→ Brief: The data below holds a line containing "volandosuilibri logo4a" and a line containing "Arnold schwarzenegger how to loss fat"; please quote exactly those two lines and every line between them, and nothing else.

Entries taken from a collection:
---
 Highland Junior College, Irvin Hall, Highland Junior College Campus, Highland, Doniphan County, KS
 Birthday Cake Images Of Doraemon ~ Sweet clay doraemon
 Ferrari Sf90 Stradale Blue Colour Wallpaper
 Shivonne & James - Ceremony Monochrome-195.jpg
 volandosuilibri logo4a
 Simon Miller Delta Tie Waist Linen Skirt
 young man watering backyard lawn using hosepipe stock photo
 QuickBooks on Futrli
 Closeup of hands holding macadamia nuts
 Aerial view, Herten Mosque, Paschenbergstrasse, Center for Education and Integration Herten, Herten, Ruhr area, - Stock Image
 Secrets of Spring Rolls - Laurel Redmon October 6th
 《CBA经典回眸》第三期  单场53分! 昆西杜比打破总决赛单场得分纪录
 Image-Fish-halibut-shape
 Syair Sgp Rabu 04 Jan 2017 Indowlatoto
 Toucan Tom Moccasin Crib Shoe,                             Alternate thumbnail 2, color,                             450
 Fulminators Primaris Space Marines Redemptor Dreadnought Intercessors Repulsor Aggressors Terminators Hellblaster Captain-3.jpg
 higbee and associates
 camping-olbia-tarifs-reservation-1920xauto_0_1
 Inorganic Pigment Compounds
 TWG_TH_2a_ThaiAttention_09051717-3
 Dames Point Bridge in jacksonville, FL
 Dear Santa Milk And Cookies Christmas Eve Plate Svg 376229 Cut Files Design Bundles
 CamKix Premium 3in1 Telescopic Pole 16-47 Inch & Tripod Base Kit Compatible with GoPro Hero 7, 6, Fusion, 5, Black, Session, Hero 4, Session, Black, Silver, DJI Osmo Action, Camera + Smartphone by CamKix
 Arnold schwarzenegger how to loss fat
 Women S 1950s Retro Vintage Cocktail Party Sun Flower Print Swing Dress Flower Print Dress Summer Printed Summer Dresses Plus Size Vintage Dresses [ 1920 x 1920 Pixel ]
---
→ Response to the task:
 volandosuilibri logo4a
 Simon Miller Delta Tie Waist Linen Skirt
 young man watering backyard lawn using hosepipe stock photo
 QuickBooks on Futrli
 Closeup of hands holding macadamia nuts
 Aerial view, Herten Mosque, Paschenbergstrasse, Center for Education and Integration Herten, Herten, Ruhr area, - Stock Image
 Secrets of Spring Rolls - Laurel Redmon October 6th
 《CBA经典回眸》第三期  单场53分! 昆西杜比打破总决赛单场得分纪录
 Image-Fish-halibut-shape
 Syair Sgp Rabu 04 Jan 2017 Indowlatoto
 Toucan Tom Moccasin Crib Shoe,                             Alternate thumbnail 2, color,                             450
 Fulminators Primaris Space Marines Redemptor Dreadnought Intercessors Repulsor Aggressors Terminators Hellblaster Captain-3.jpg
 higbee and associates
 camping-olbia-tarifs-reservation-1920xauto_0_1
 Inorganic Pigment Compounds
 TWG_TH_2a_ThaiAttention_09051717-3
 Dames Point Bridge in jacksonville, FL
 Dear Santa Milk And Cookies Christmas Eve Plate Svg 376229 Cut Files Design Bundles
 CamKix Premium 3in1 Telescopic Pole 16-47 Inch & Tripod Base Kit Compatible with GoPro Hero 7, 6, Fusion, 5, Black, Session, Hero 4, Session, Black, Silver, DJI Osmo Action, Camera + Smartphone by CamKix
 Arnold schwarzenegger how to loss fat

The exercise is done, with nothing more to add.